What the task asks
From the listing below, please restate exactly the lines beginning at the one with "jacket and jeans</p>" and ending at the one with "According to INRIX, drivers", both included, and skip the pictures.

Given records
================================

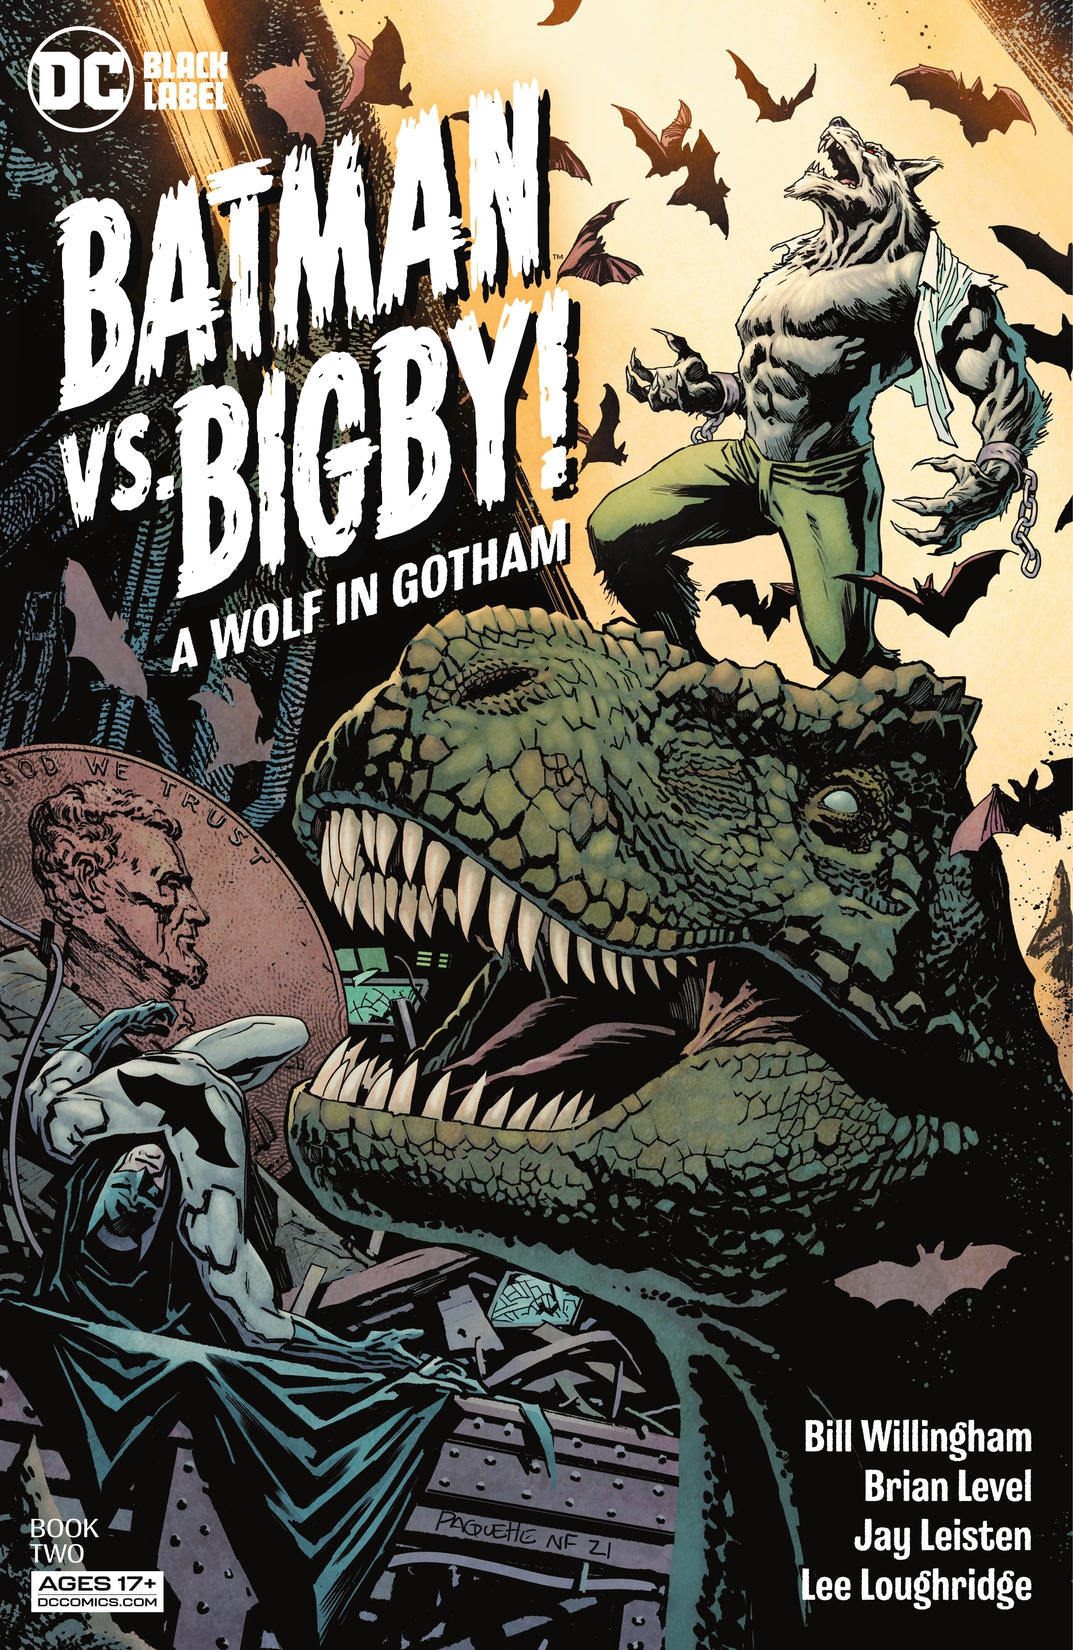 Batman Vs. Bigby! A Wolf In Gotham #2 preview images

================================

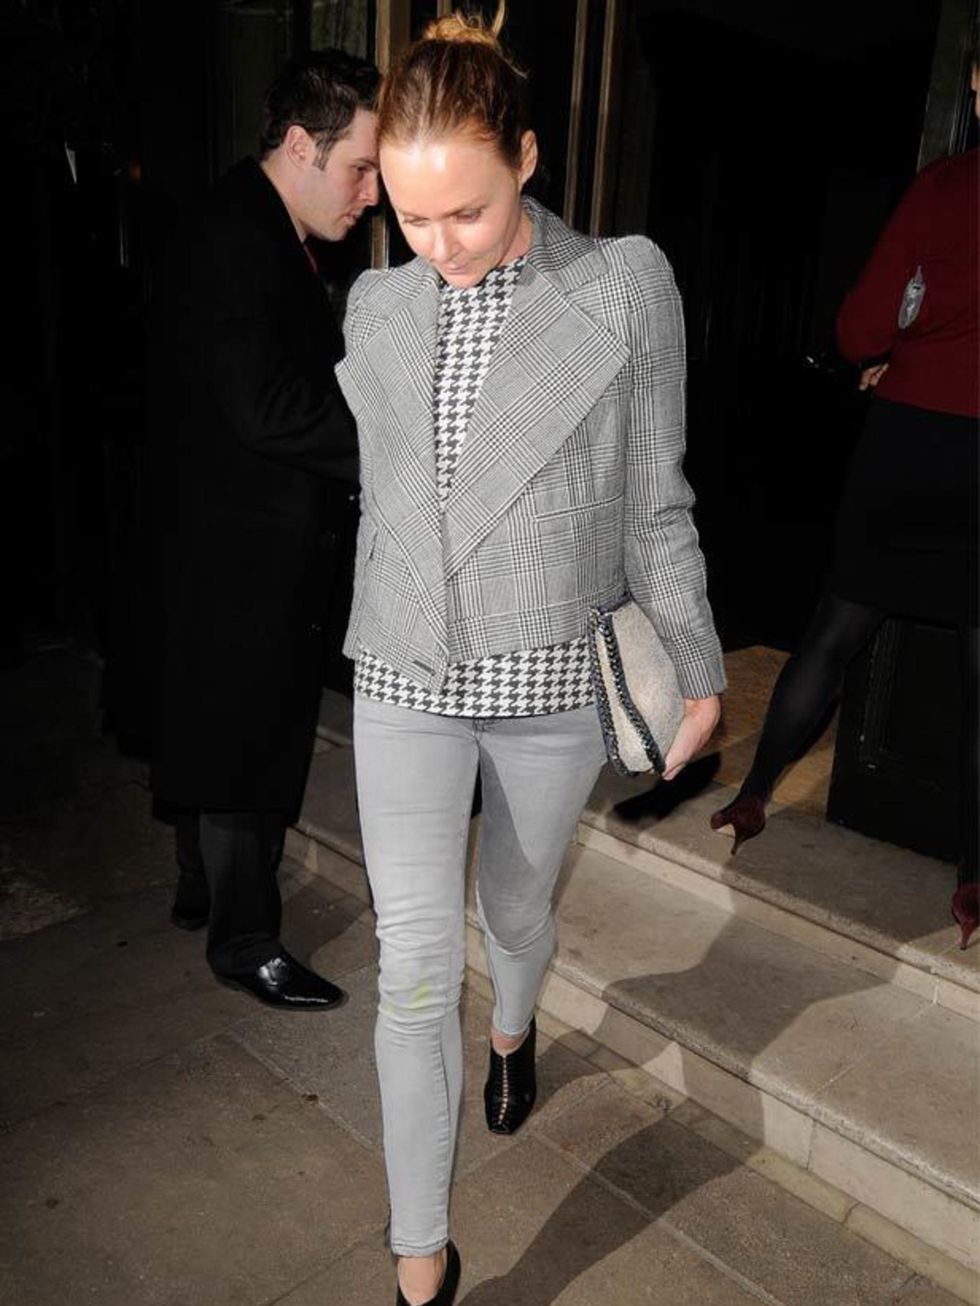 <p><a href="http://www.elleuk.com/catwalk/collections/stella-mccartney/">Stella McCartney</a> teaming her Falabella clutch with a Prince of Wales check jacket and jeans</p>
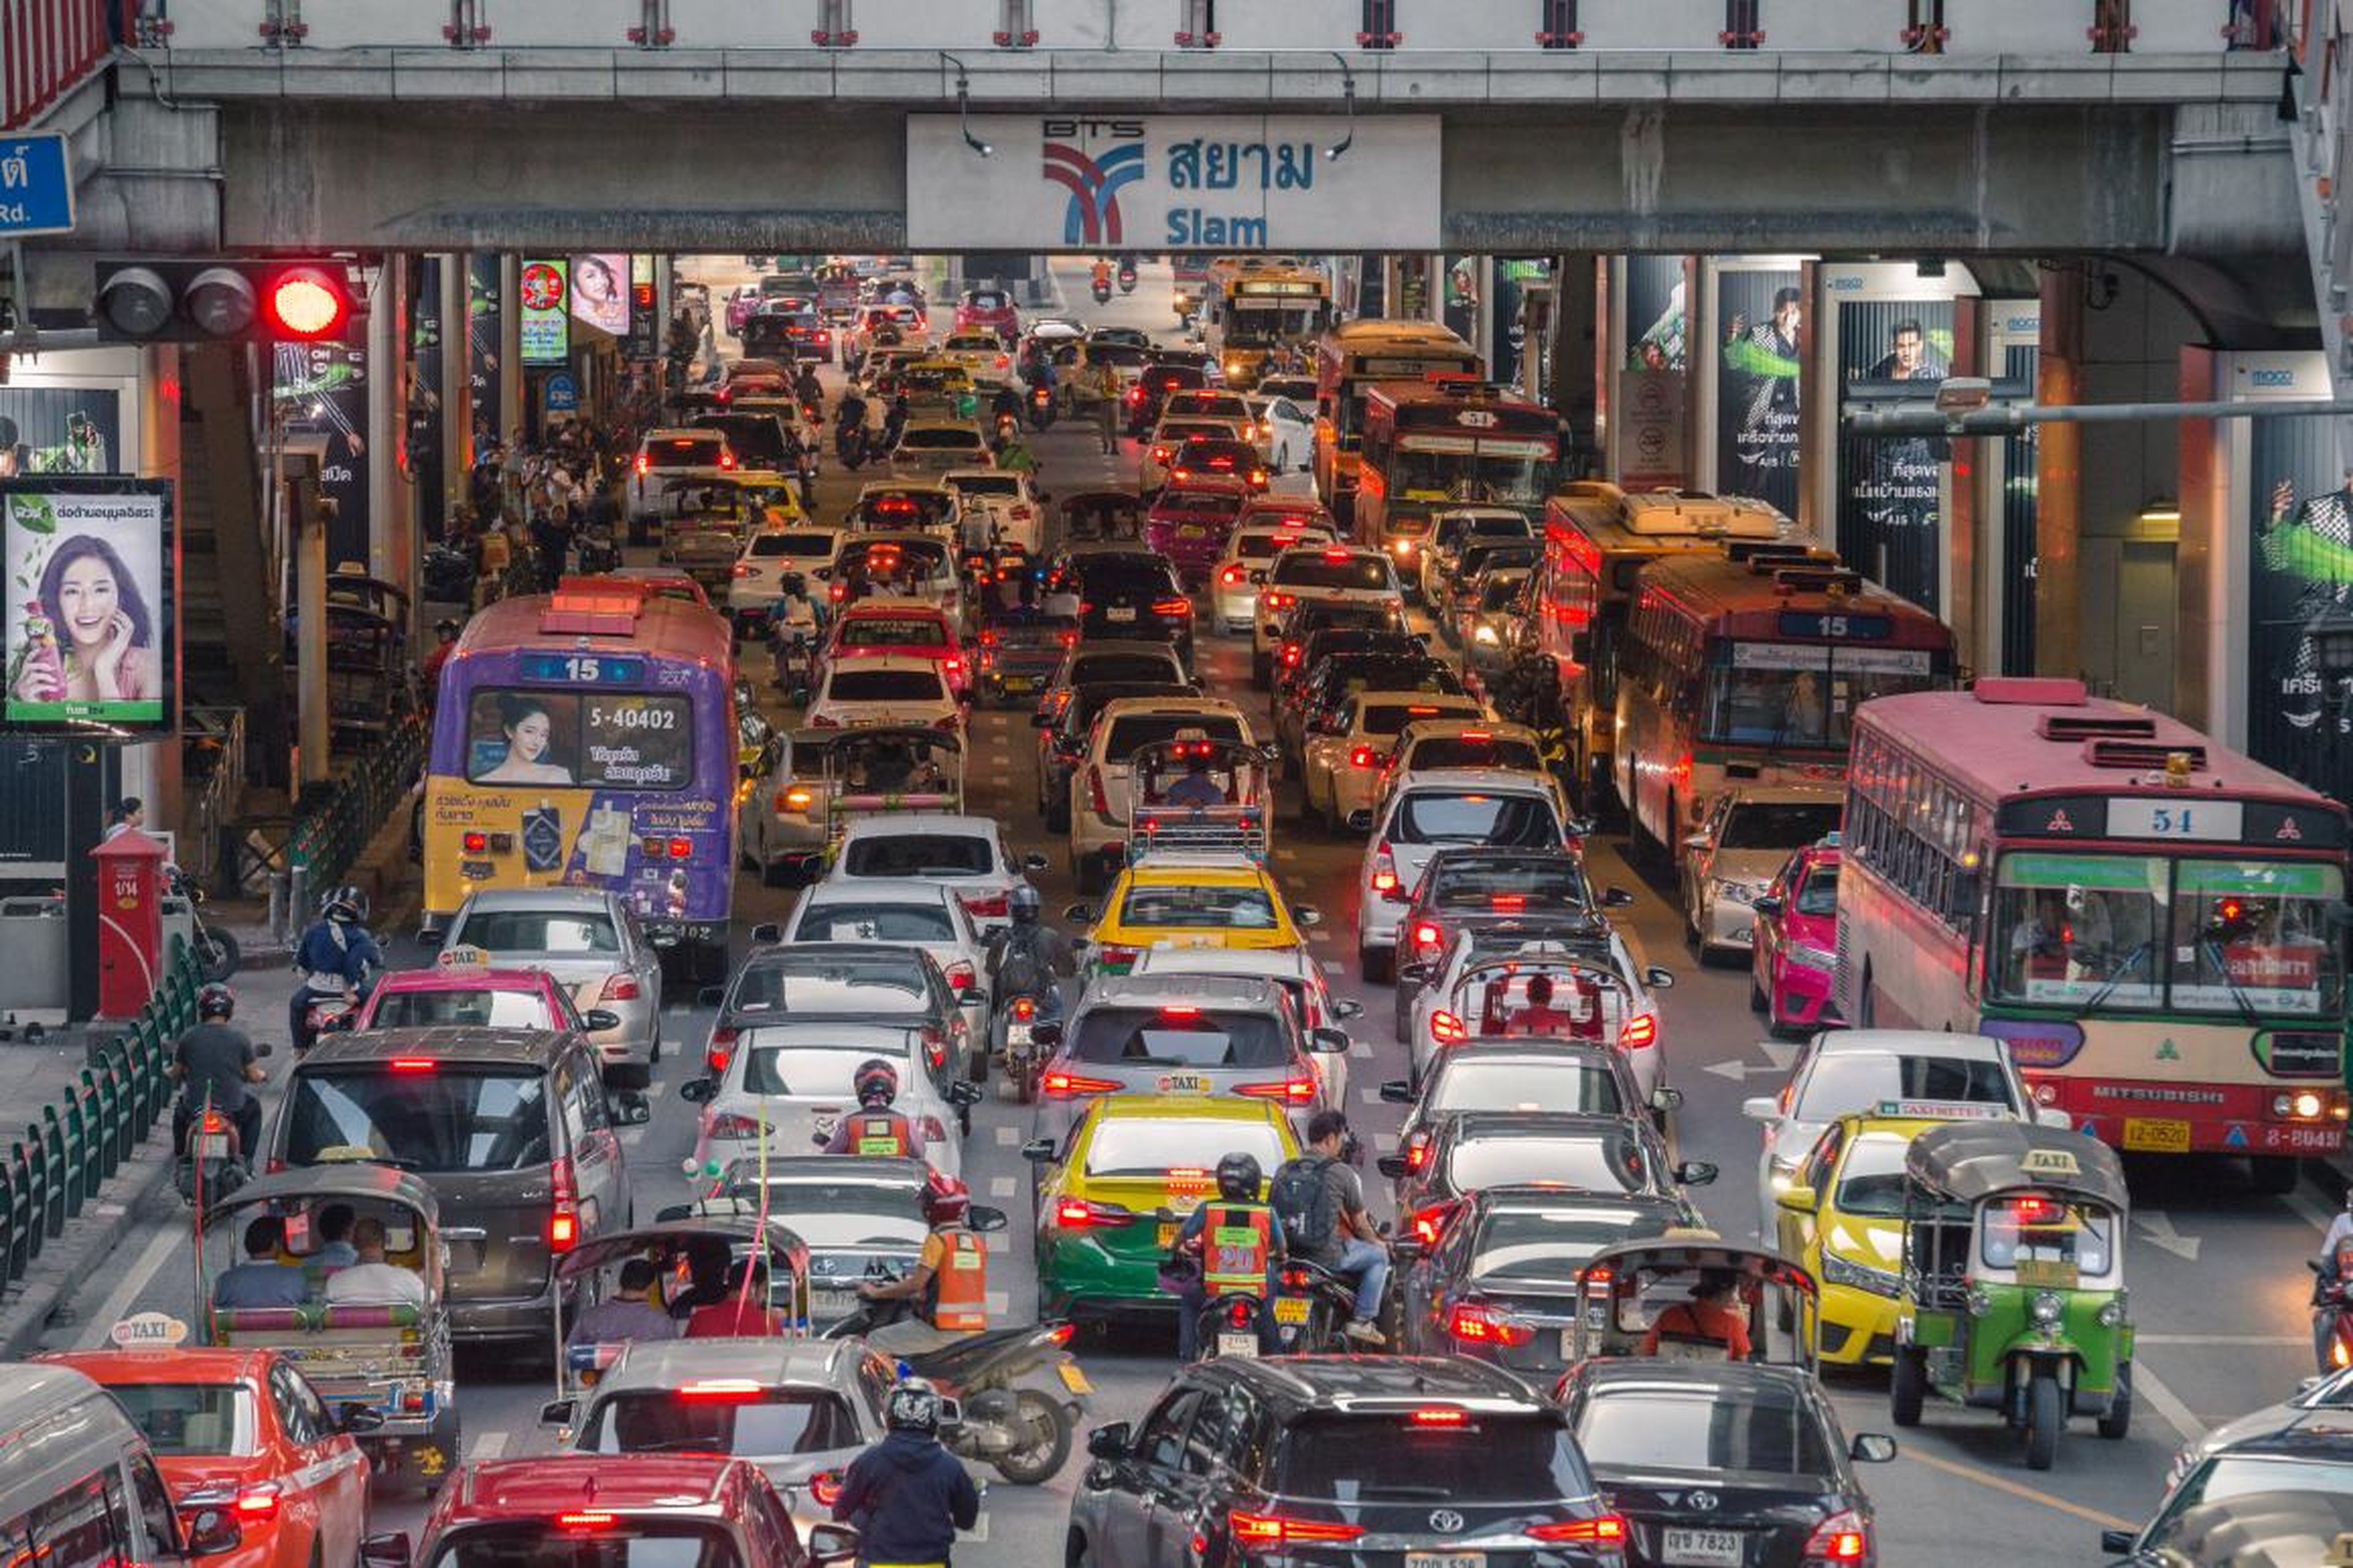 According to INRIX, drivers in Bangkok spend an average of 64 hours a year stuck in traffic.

================================

Result of this exercise
 <p><a href="http://www.elleuk.com/catwalk/collections/stella-mccartney/">Stella McCartney</a> teaming her Falabella clutch with a Prince of Wales check jacket and jeans</p>
 According to INRIX, drivers in Bangkok spend an average of 64 hours a year stuck in traffic.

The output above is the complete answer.